El mundo de hoy, complejo, interconectado y en rápida evolución, requiere un sistema multilateral más eficaz, que se actualice conforme a los tiempos de la cuarta Revolución Industrial, así como a la evolución política, económica y social del mundo. También es crucial hacer a un lado la posguerra que ya pasó, que dio origen a esos organismos, pero que no evolucionaron, manteniendo un status quo que beneficia solo a unos pocos países.
Más de 700,000 personas murieron entre 2021 y 2023; según la Organización Mundial de Migraciones, cerca de 200 millones de personas han migrado en busca de refugio, alimentando discursos xenófobos en algunos países, especialmente en épocas electorales. Desde el final de la Guerra Fría, se han producido tensiones geopolíticas que, sin llegar al estadio de conflicto, generan convulsiones a gran escala.
El cuadro de conflagraciones, como la invasión de Rusia a Ucrania, la crisis de Gaza o la de Sudán, así como los pulsos entre las superpotencias, Estados Unidos y China, Estados Unidos y Rusia, generan un vasto abanico de consecuencias. Las más evidentes son el desastroso impacto humano, las derivas militares derivadas, a su vez, de la carrera armamentística y las reconfiguraciones diplomáticas de alianzas y relaciones.
Lo descrito sugiere que la hegemonía occidental comienza a agotarse y que estamos presenciando una transición hegemónica: por un lado, una potencia emergente, China, desafía a la potencia existente, Estados Unidos, que se resiste a ceder sus espacios, creando así zonas de incertidumbre regional. En esta transición hegemónica, es importante destacar que Rusia es un actor secundario; los actores relevantes son Estados Unidos y China.
Crisis Group, en su seguimiento permanente de los conflictos en todo el mundo, muestra evidencia de contiendas con un alcance militar que va mucho más allá de los territorios afectados por la violencia, con decenas de países activamente involucrados. Por ejemplo, Ucrania recibe armas de más de 30 países; Rusia recibe apoyo de Irán y Corea del Norte, además de una importante ayuda china que sostiene su esfuerzo bélico. La guerra en Gaza tiene una amplia proyección regional, con incidentes armados en países como Líbano, Siria, Irak, Irán y Yemen. La situación en Sudán implica a actores no solo de su entorno africano, sino tan lejanos como Rusia, Emiratos Árabes Unidos o Irán.
Al analizar estas contiendas, se evidencian pulsos de gran magnitud, como el de Rusia y Occidente, que tiene su epicentro en Ucrania, y el que se libra entre Washington y Pekín en su competencia por la primacía mundial, además del conflicto múltiple que se desarrolla en Oriente Medio, no solo entre actores en conflicto armado, sino en toda la región a través de diferentes canales.

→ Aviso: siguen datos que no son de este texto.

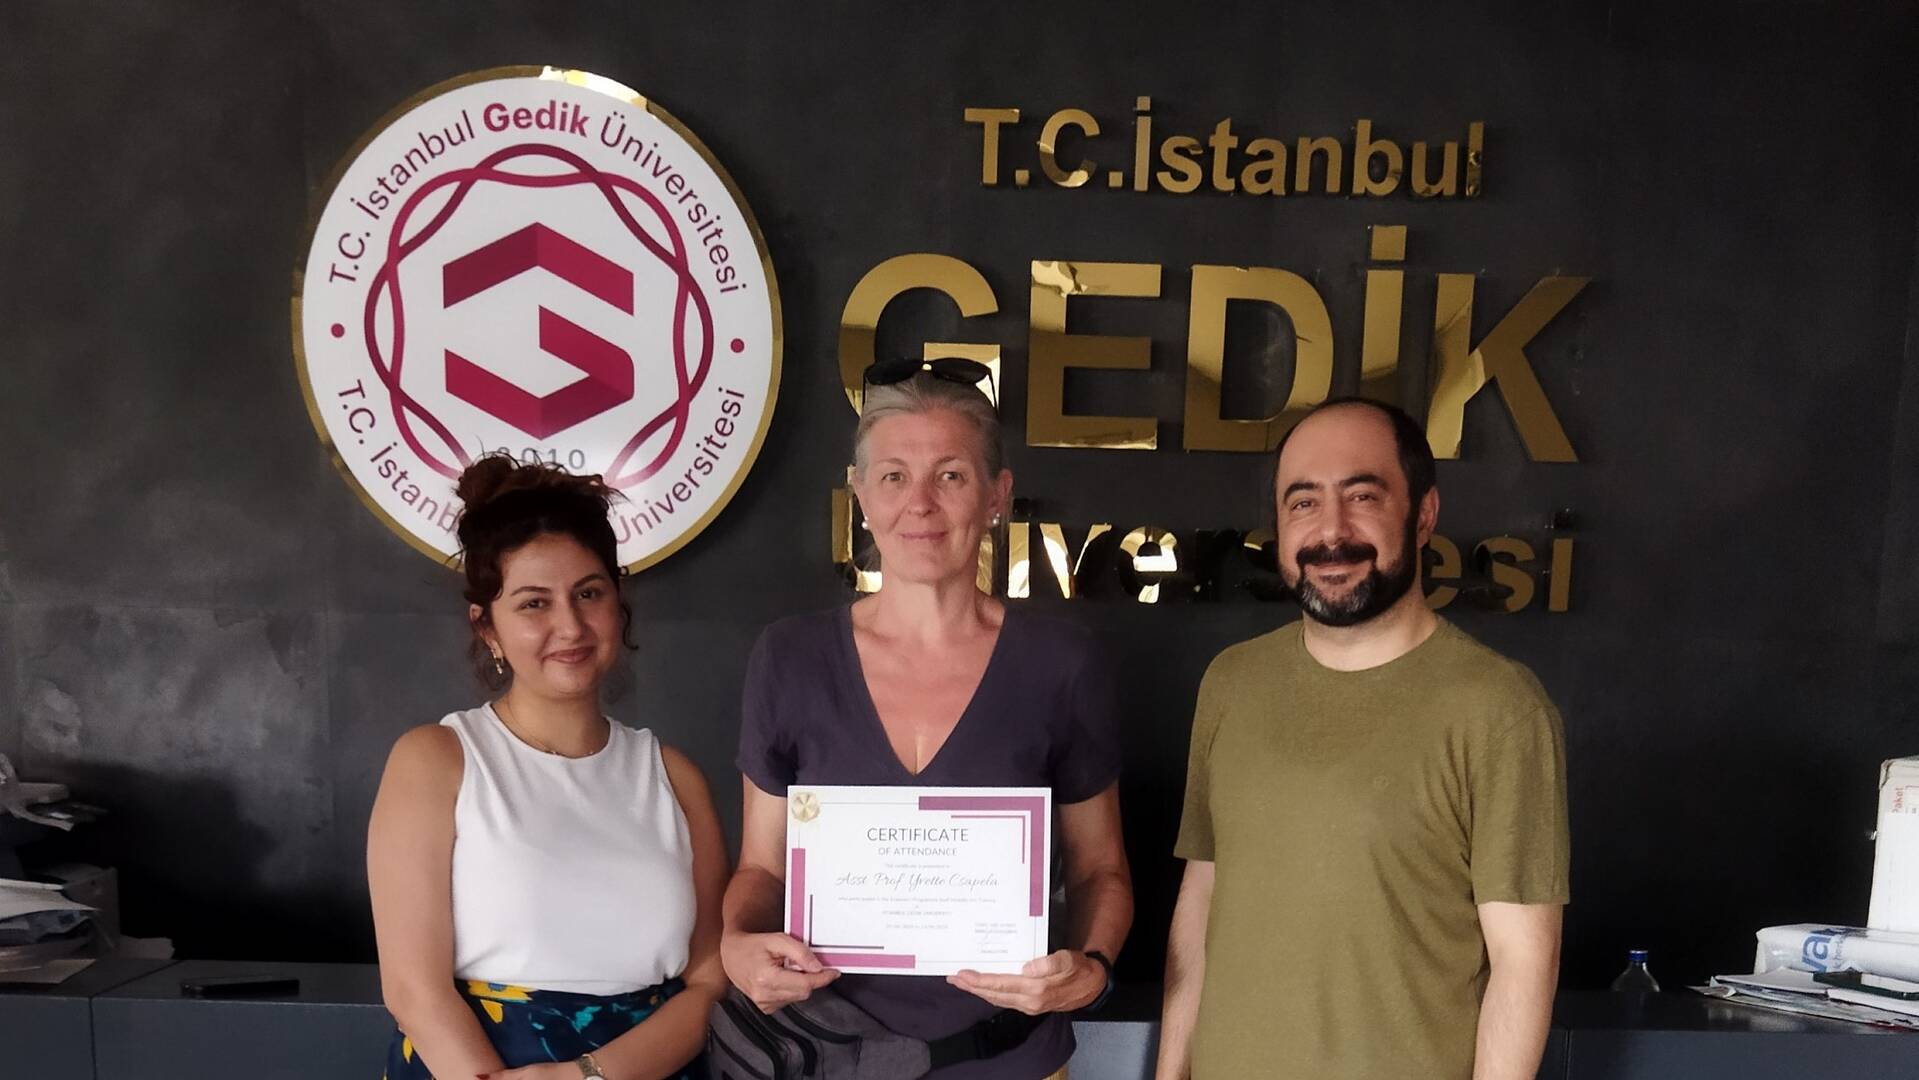 Látogatás partnerintézményünknél, az Isztambuli Gedik Egyetemen

Esa misma organización realiza un seguimiento de los acontecimientos en más de 70 conflictos y crisis cada mes, identificando tendencias y alertando sobre los riesgos de escalada y las oportunidades para avanzar en la paz. Entre las crisis clasificadas como de alta peligrosidad se encuentran las que se desarrollan en Israel-Palestina-Líbano-Libia, Nicaragua, Rusia (interno y externo), Ucrania (externo e interno), Tanzania, Túnez y Venezuela.
Pero la crisis mundial no se manifiesta solo a nivel político y diplomático; también se refleja en el ámbito económico, que está relacionado con la arquitectura de las instituciones financieras internacionales, creadas también después de la última guerra. La economía está en el corazón de las preocupaciones de todos los países y, en particular, de los países en desarrollo, algunos de los cuales son más frágiles que otros y además pagan más intereses de deuda de lo que reciben en ayuda. Estamos, por tanto, ante una transformación profunda y amplia, y los organismos creados para acompañar esos cambios no están en condiciones de hacerlo.

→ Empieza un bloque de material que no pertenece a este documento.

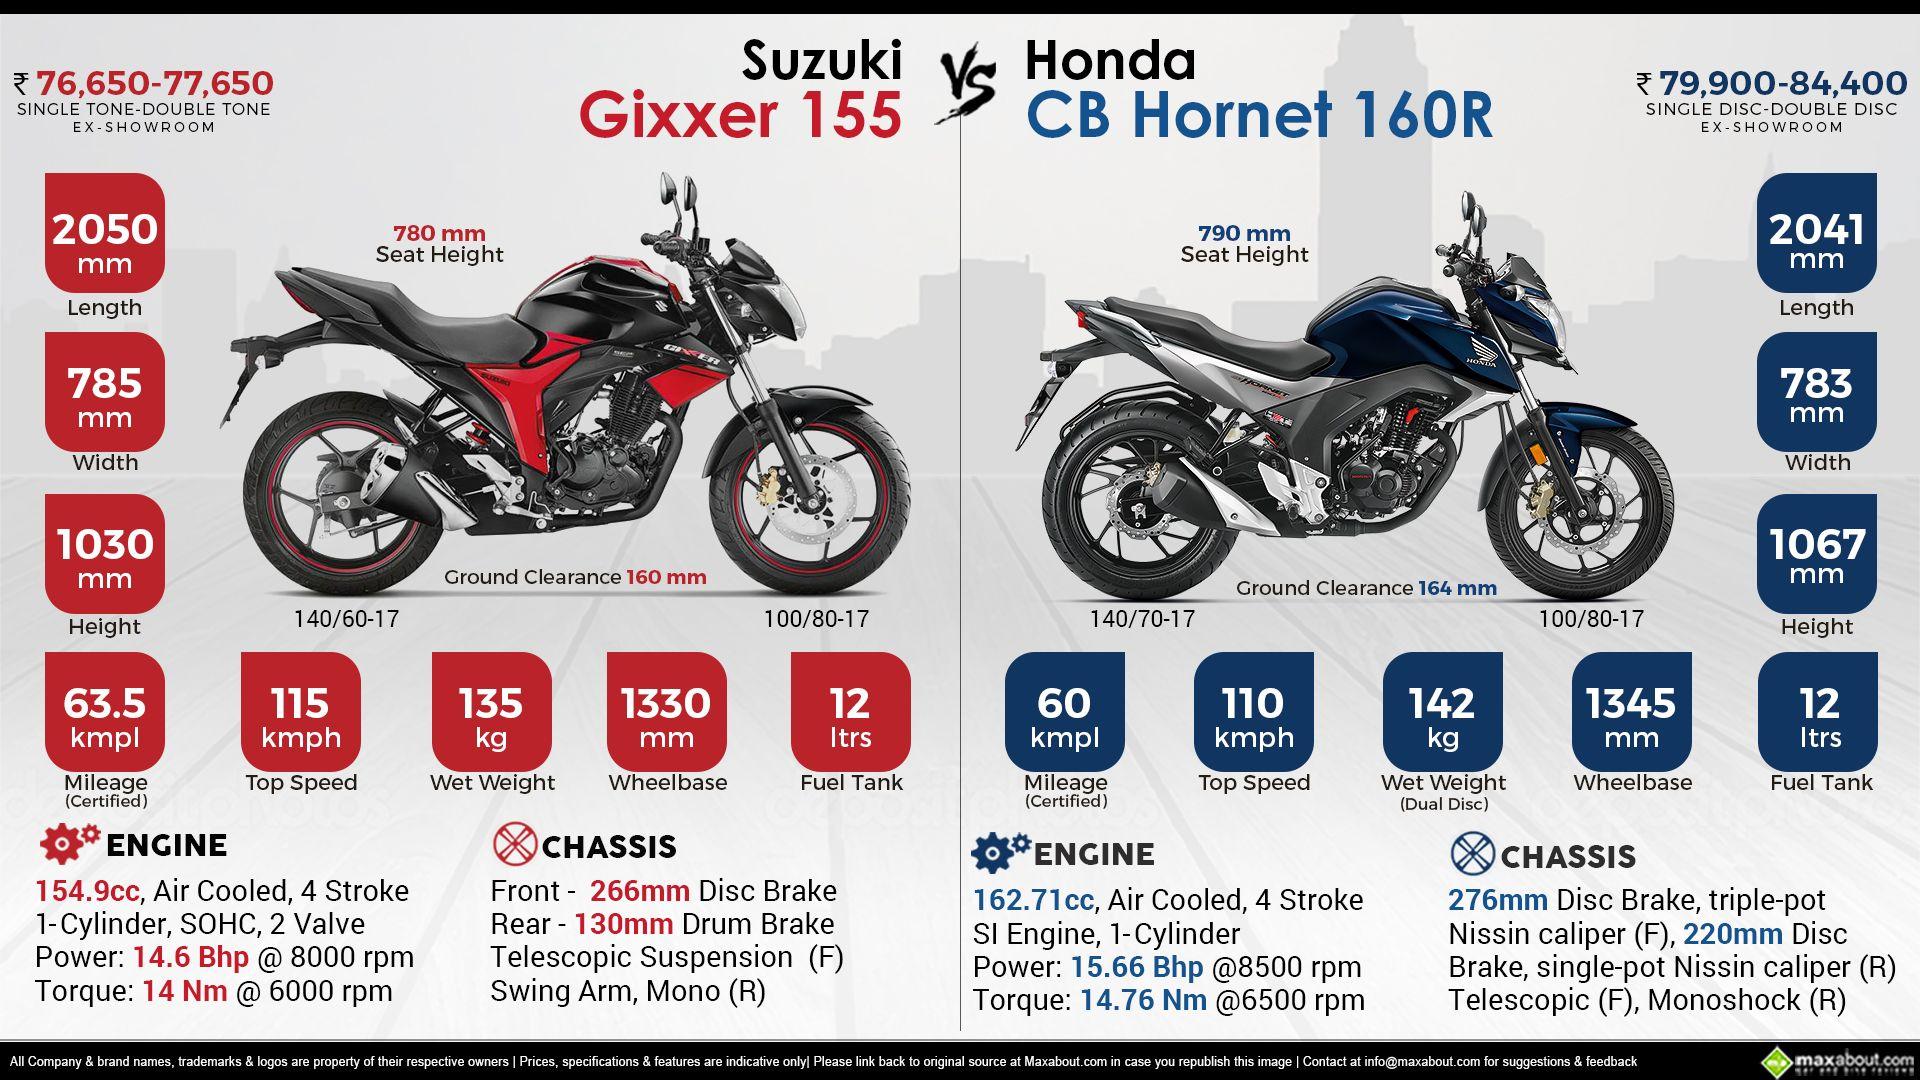 Honda CB Hornet 160R vs. Suzuki Gixxer 155

Es importante señalar que para el año 2025 está prevista una cumbre en España para abordar la reforma de las instituciones económicas y financieras, una oportunidad que valdría la pena aprovechar. Pero hace falta más que una cumbre para corregir los malos hábitos que se han creado en casi 80 años. No es suficiente que los embajadores o negociadores den discursos valientes y emotivos sobre la situación del mundo y que sigan cargando la culpa a otros por los problemas que enfrentan. Lo que está claro es que hace falta voluntad política para resolver los problemas que aquejan a la humanidad.
Un caso emblemático es el del Consejo de Seguridad de la ONU, el órgano principal de la organización. Hasta el momento se han presentado 18 proyectos de reforma que, en principio, le darían a la toma de decisiones un carácter más democrático, pero ninguno ha sido aprobado. Solo ha valido que alguno de los miembros permanentes haga uso de su derecho al veto para dejar sin efecto cualquier propuesta.

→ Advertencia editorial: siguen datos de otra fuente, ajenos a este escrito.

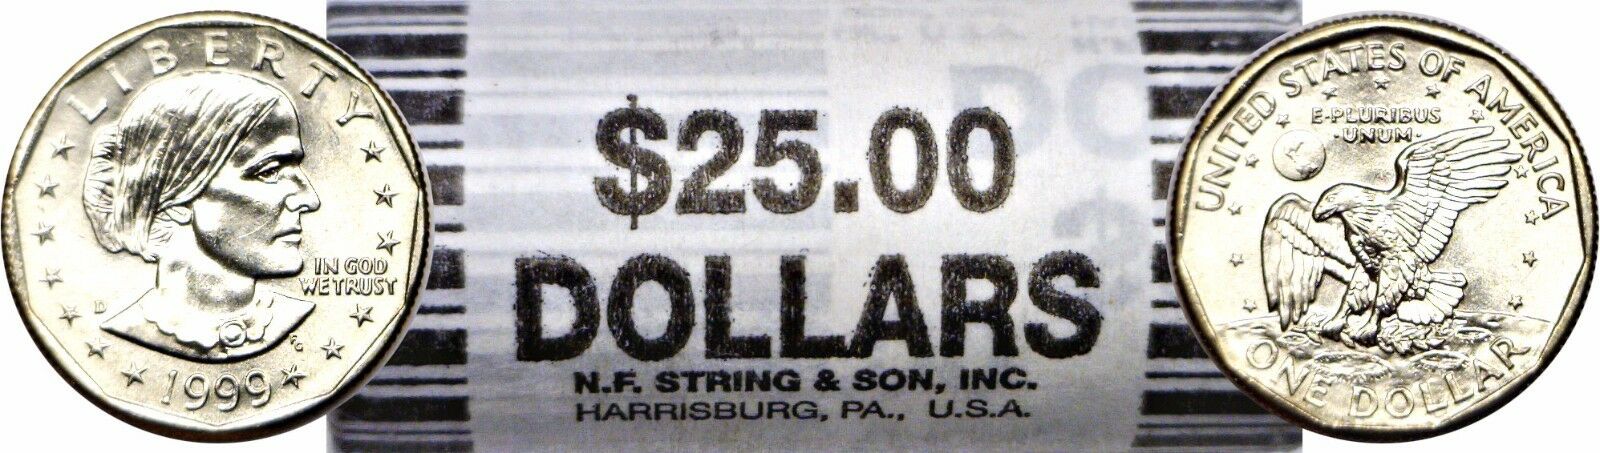 1999-d Bu $1 Susan B. Anthony Original $25 Face Bank Wrap Roll Stock Photo

Otra muestra irrefutable de lo anterior es que la invasión de Rusia a Ucrania se produce en momentos en que ese país presidía el Consejo de Seguridad, mientras que el principio fundamental de la Carta de las Naciones Unidas es la prohibición expresa de la ampliación de fronteras por la fuerza. Abundan los ejemplos.
En medio de este escenario, el 21 de septiembre de 2024 se adoptó en la Asamblea General de las Naciones Unidas el Pacto para el Futuro, que contiene 56 acciones con el objetivo de hacer frente a los “mayores desafíos de nuestra época”, entre ellos, la paz y el derecho internacional, la reforma del Consejo de Seguridad de la ONU, la arquitectura financiera mundial y el cambio climático, así como asuntos más innovadores como la inteligencia artificial. Este pacto pretende convertirse en una nueva «caja de herramientas» para reparar el mundo.
El texto, aprobado por 193 países, contó con la oposición de países como Rusia, Venezuela, Nicaragua, Corea del Norte y Bielorrusia. Si bien es cierto que este Pacto para el Futuro es una buena iniciativa del secretario general de la ONU que propone acciones sobre los temas más importantes que aquejan a la comunidad mundial, también lo es que nace minusválido, con el impedimento de siempre: no es vinculante para los miembros de la ONU, lo que significa que su decisión no es de cumplimiento obligatorio. No creo que el esfuerzo negociador que se realizó para alcanzar el consenso con 193 delegaciones sea suficiente para reformar el multilateralismo.
En particular, los países en desarrollo reclaman compromisos concretos sobre la reforma de las instituciones financieras internacionales para facilitar el acceso de algunos de ellos a financiación preferente y hacer frente a sus realidades internas, en particular aquellas relacionadas con el impacto del cambio climático.
Estimo que los embajadores y funcionarios internacionales de las Naciones Unidas podrían estar de acuerdo en al menos dos cosas: 1.- que la ONU necesita una reforma seria en particular el Consejo de Seguridad, para poder enfrentar los desafíos globales, desde el cambio climático hasta la regulación de la inteligencia artificial, 2.- que, en el clima tenso actual, a sus miembros les resultará difícil, tal vez imposible, ponerse de acuerdo incluso sobre reformas limitadas.